GIVEN INFORMATION.
_ _ _

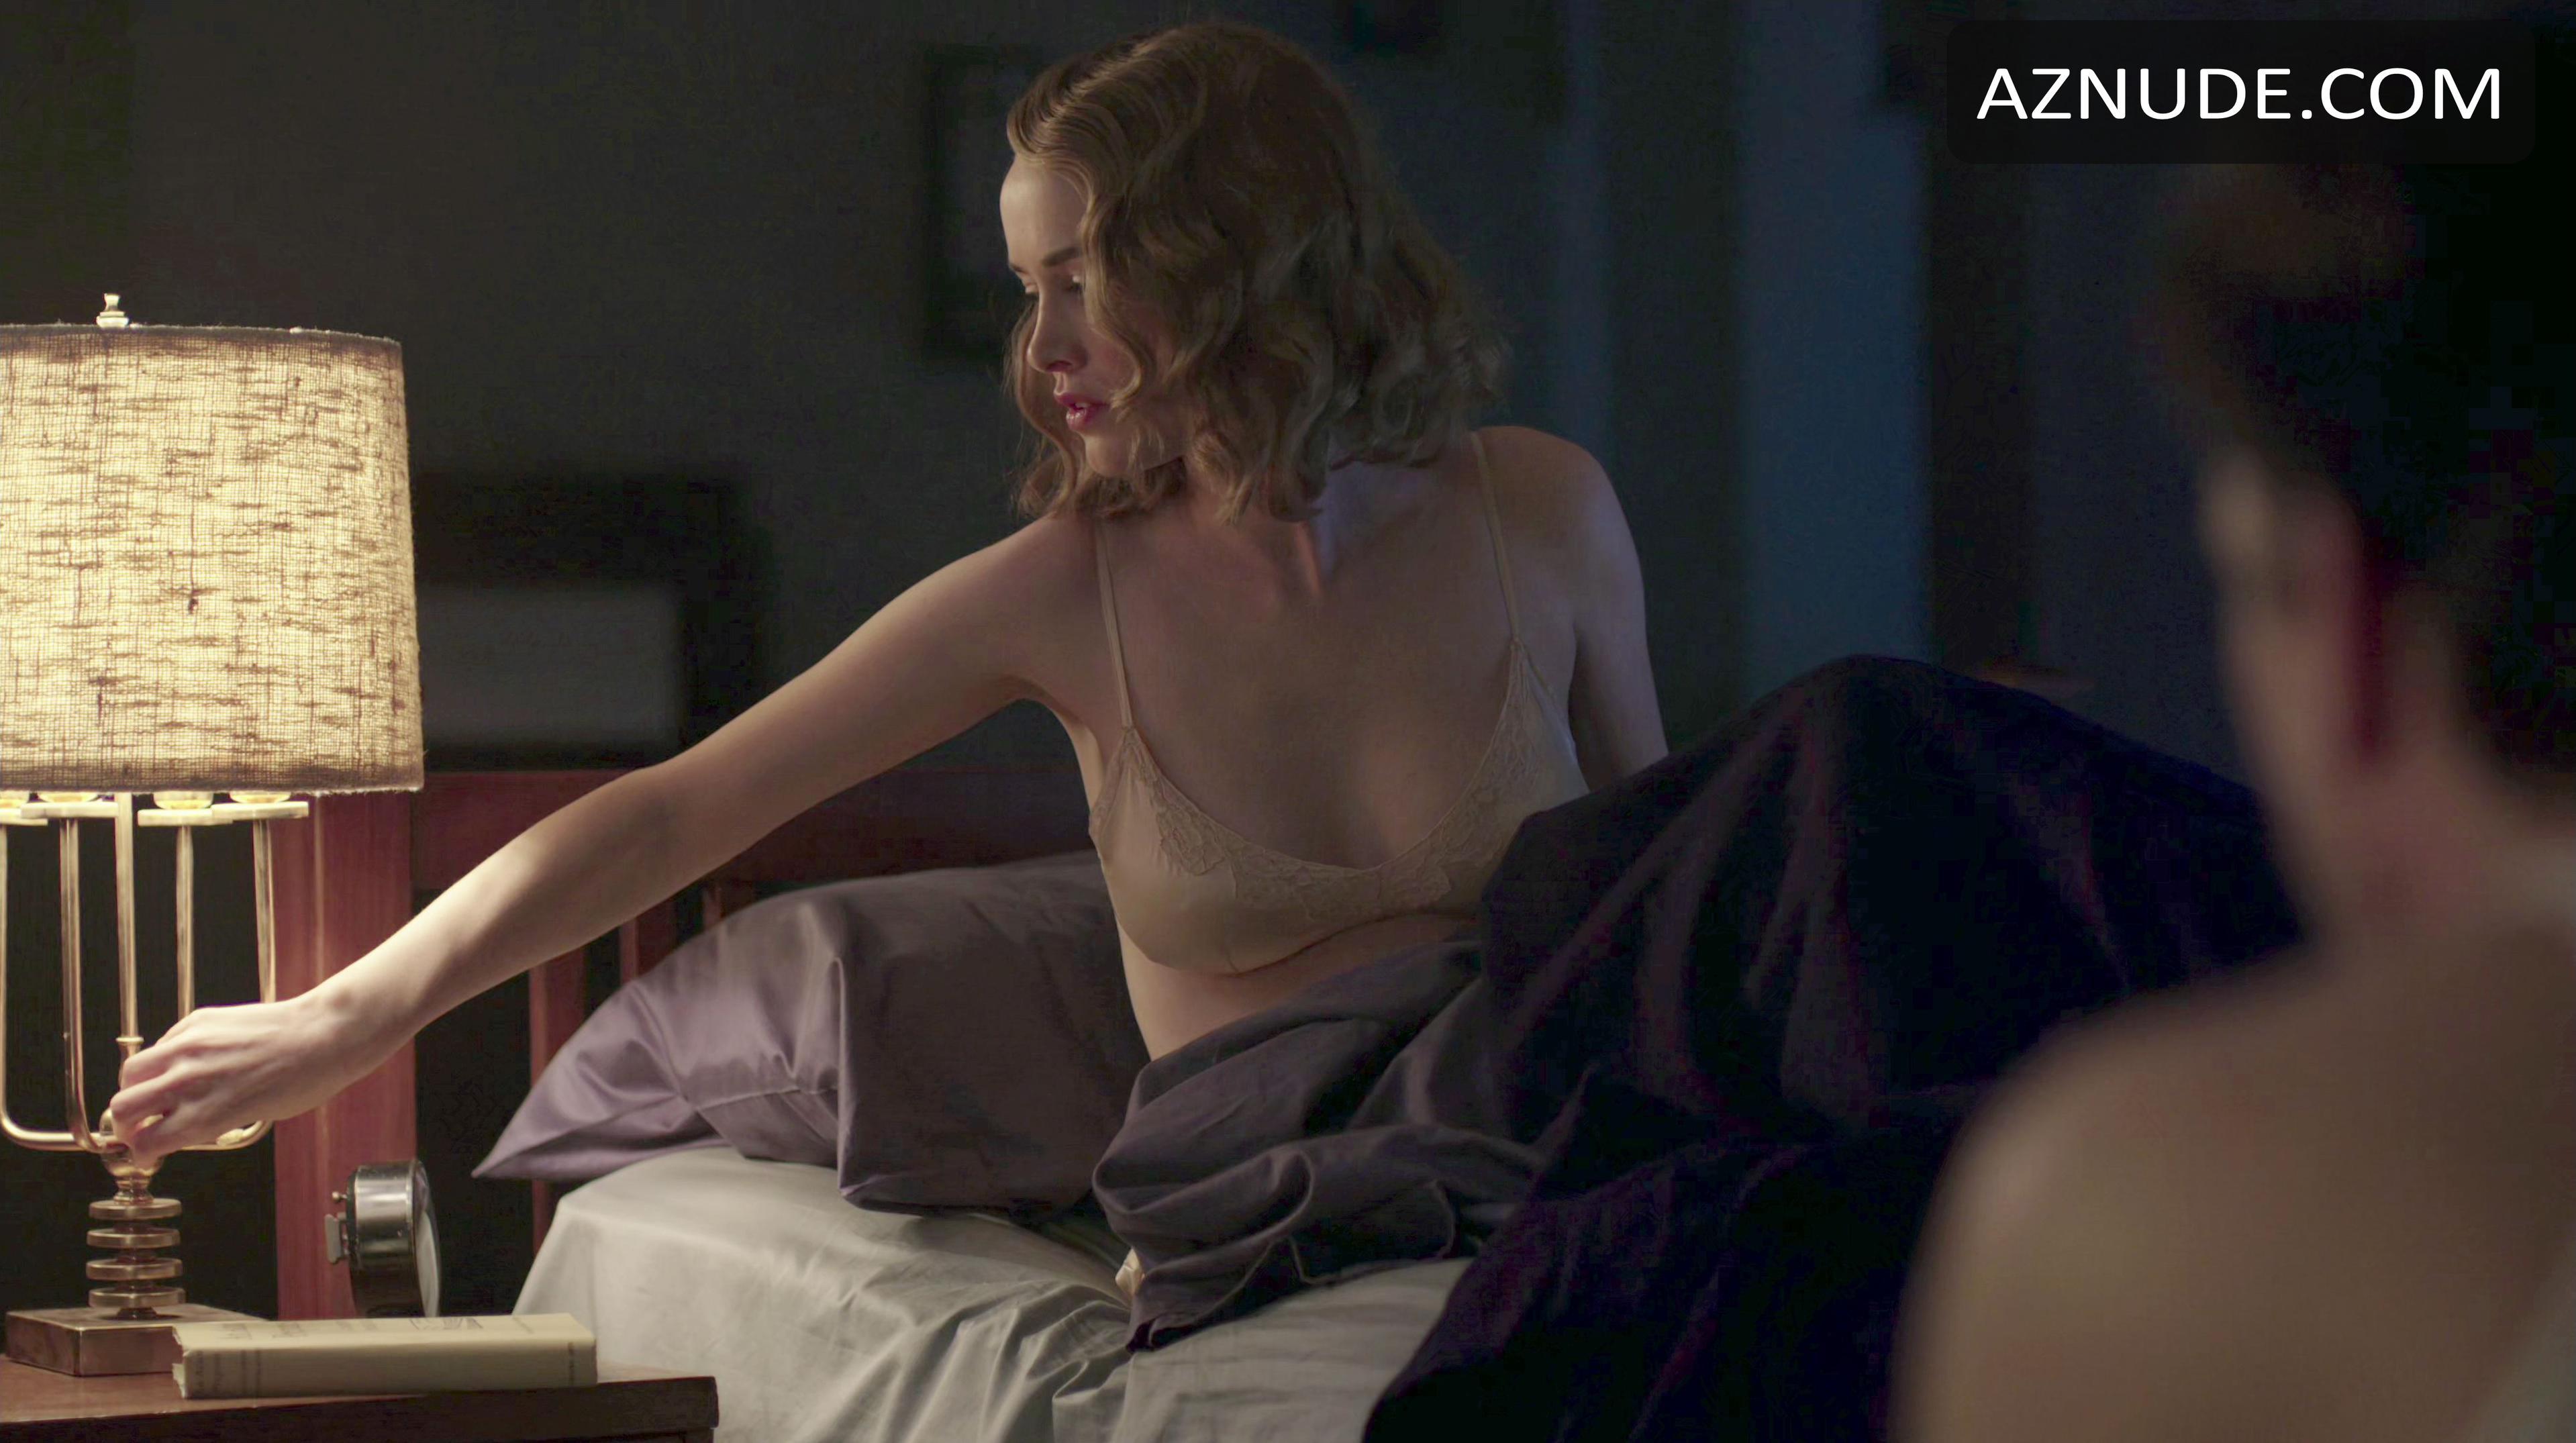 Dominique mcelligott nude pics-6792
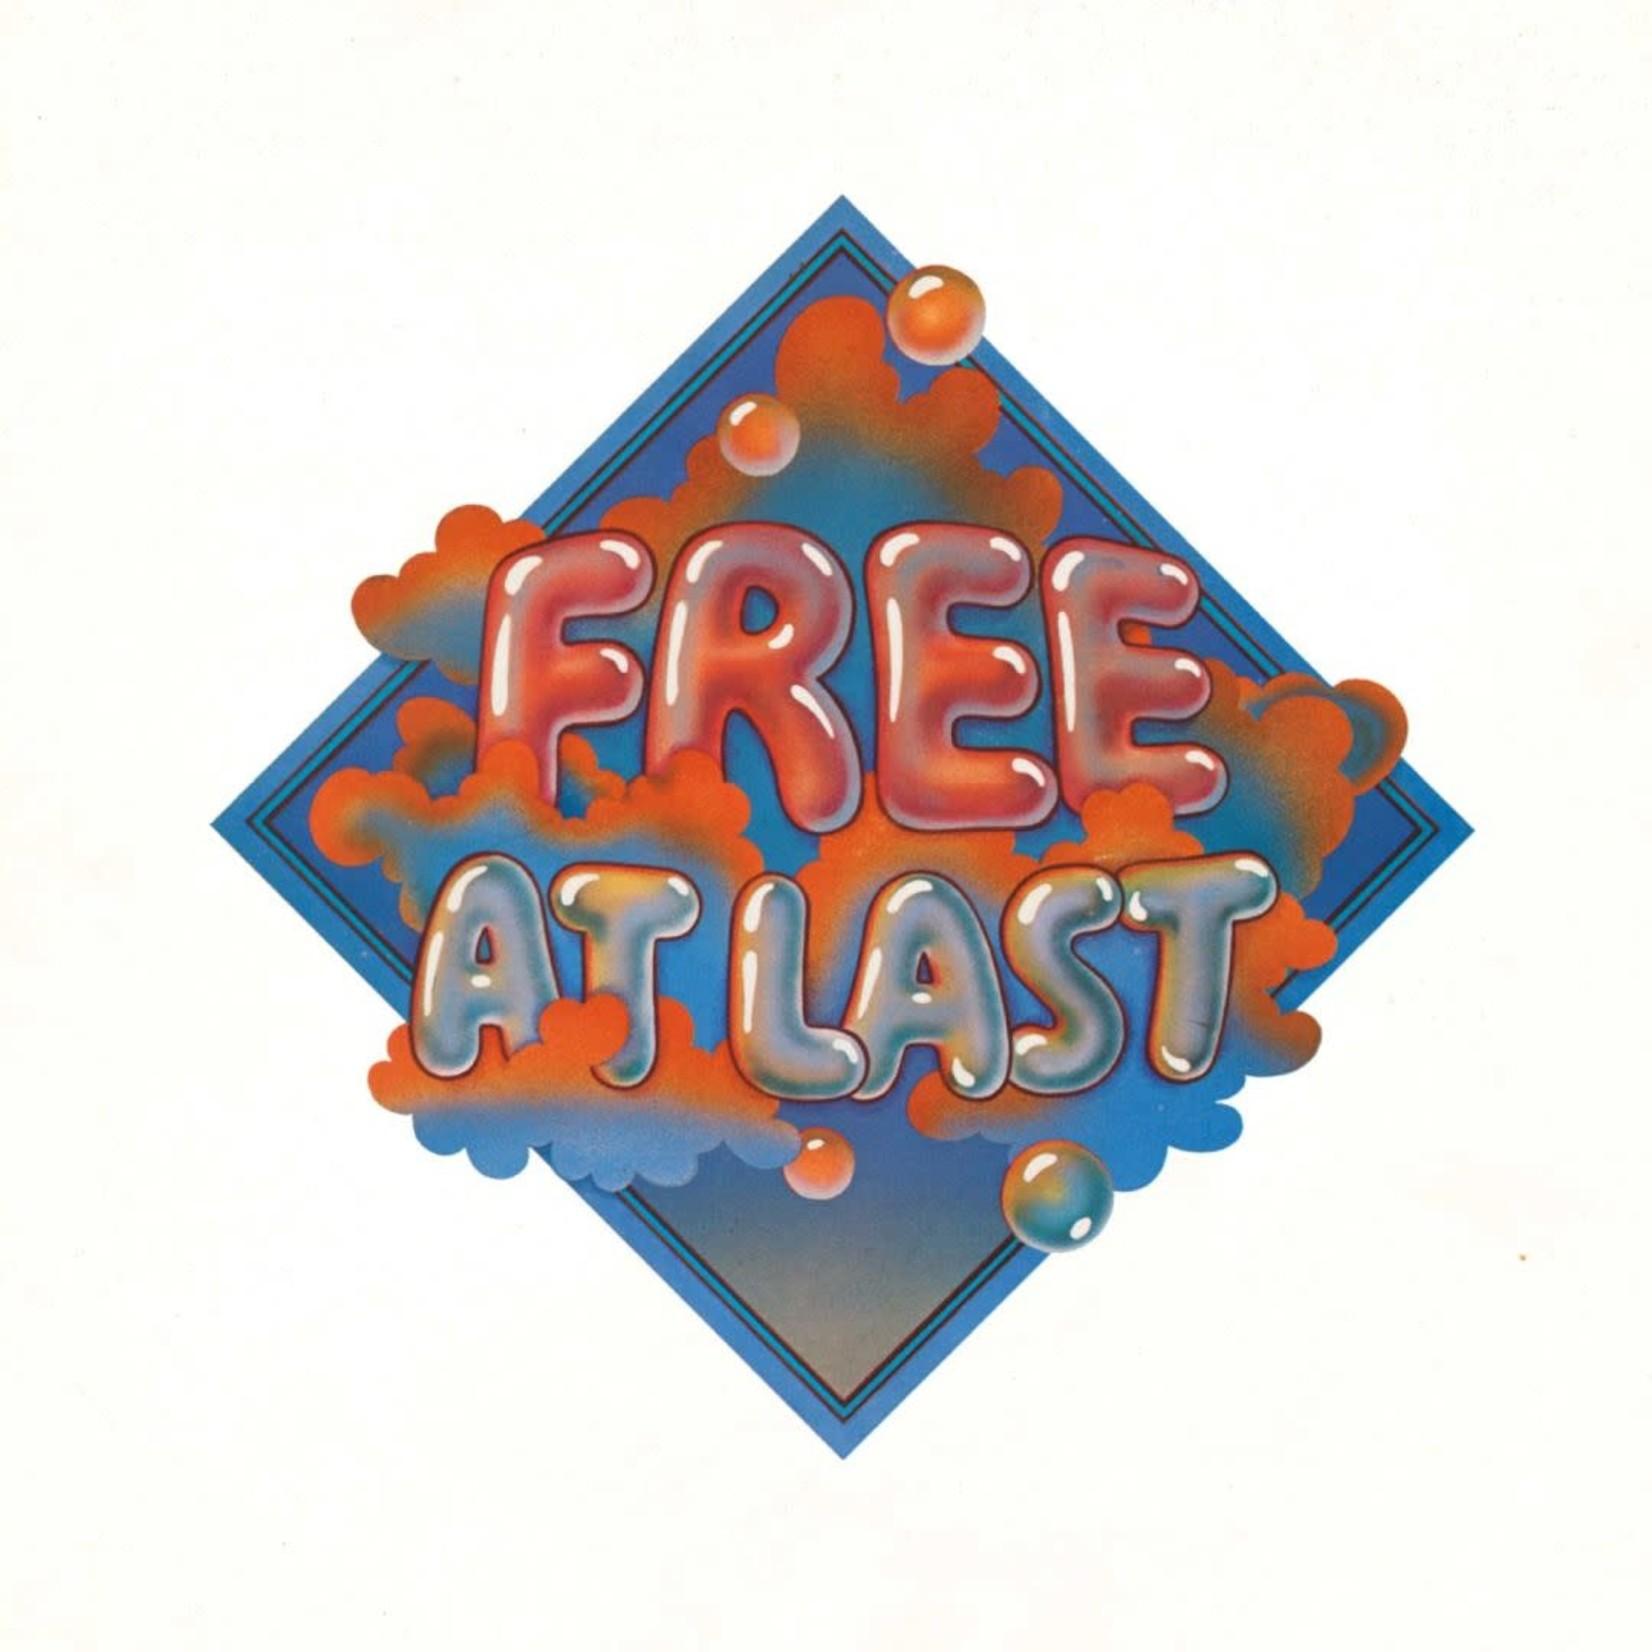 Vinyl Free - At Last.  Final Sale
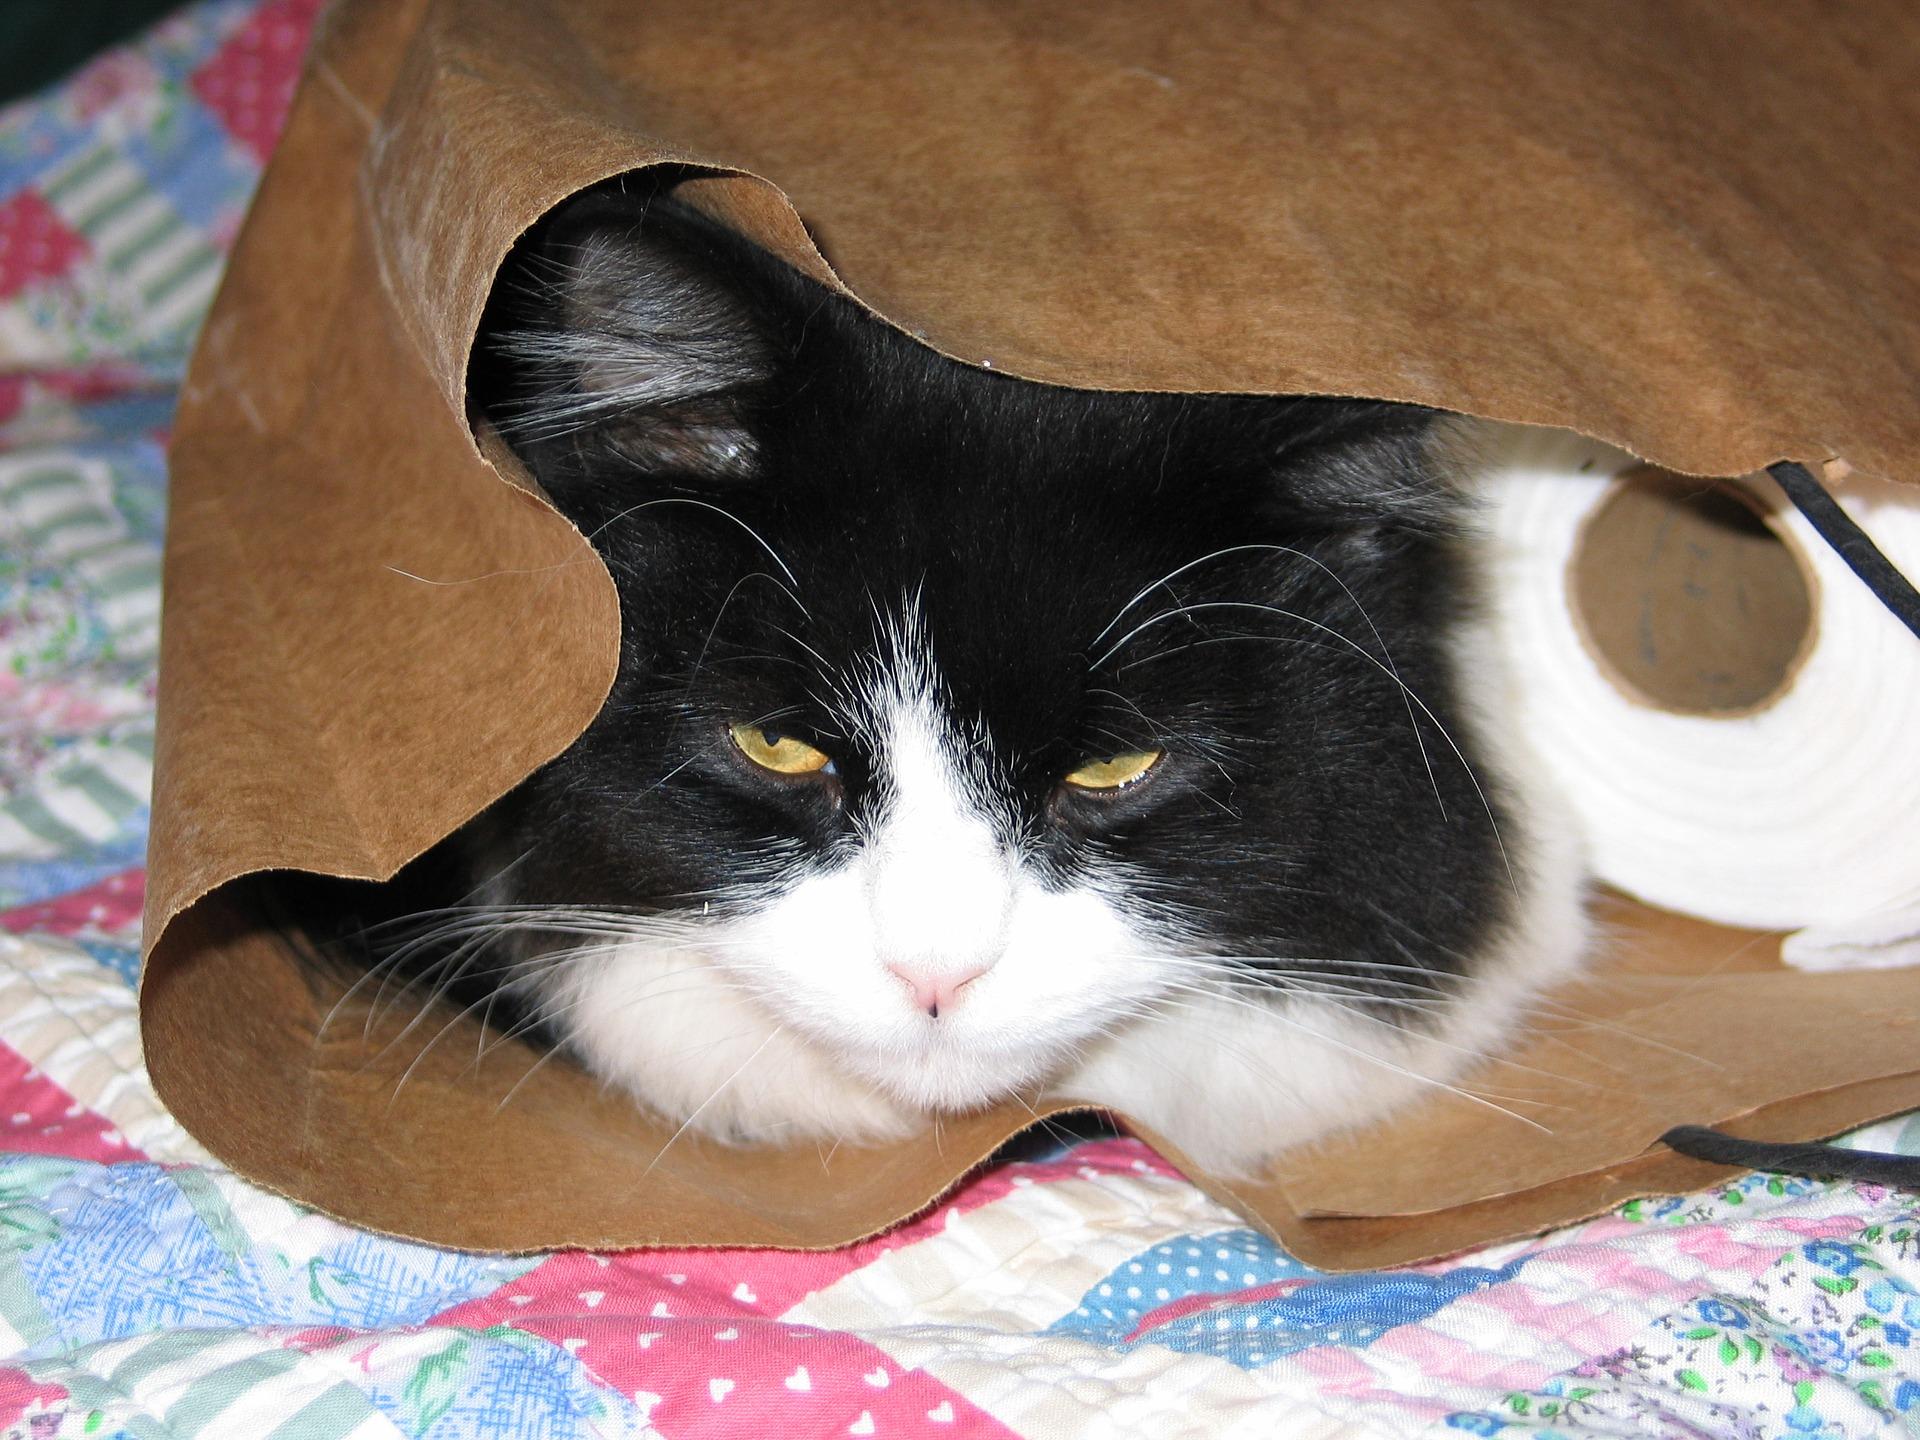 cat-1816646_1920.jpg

_ _ _

ASSIGNMENT. Pictures are to be left out; the rest of the listing should be printed exactly.

EXERCISE RESULT.
 Dominique mcelligott nude pics-6792
 Vinyl Free - At Last.  Final Sale
 cat-1816646_1920.jpg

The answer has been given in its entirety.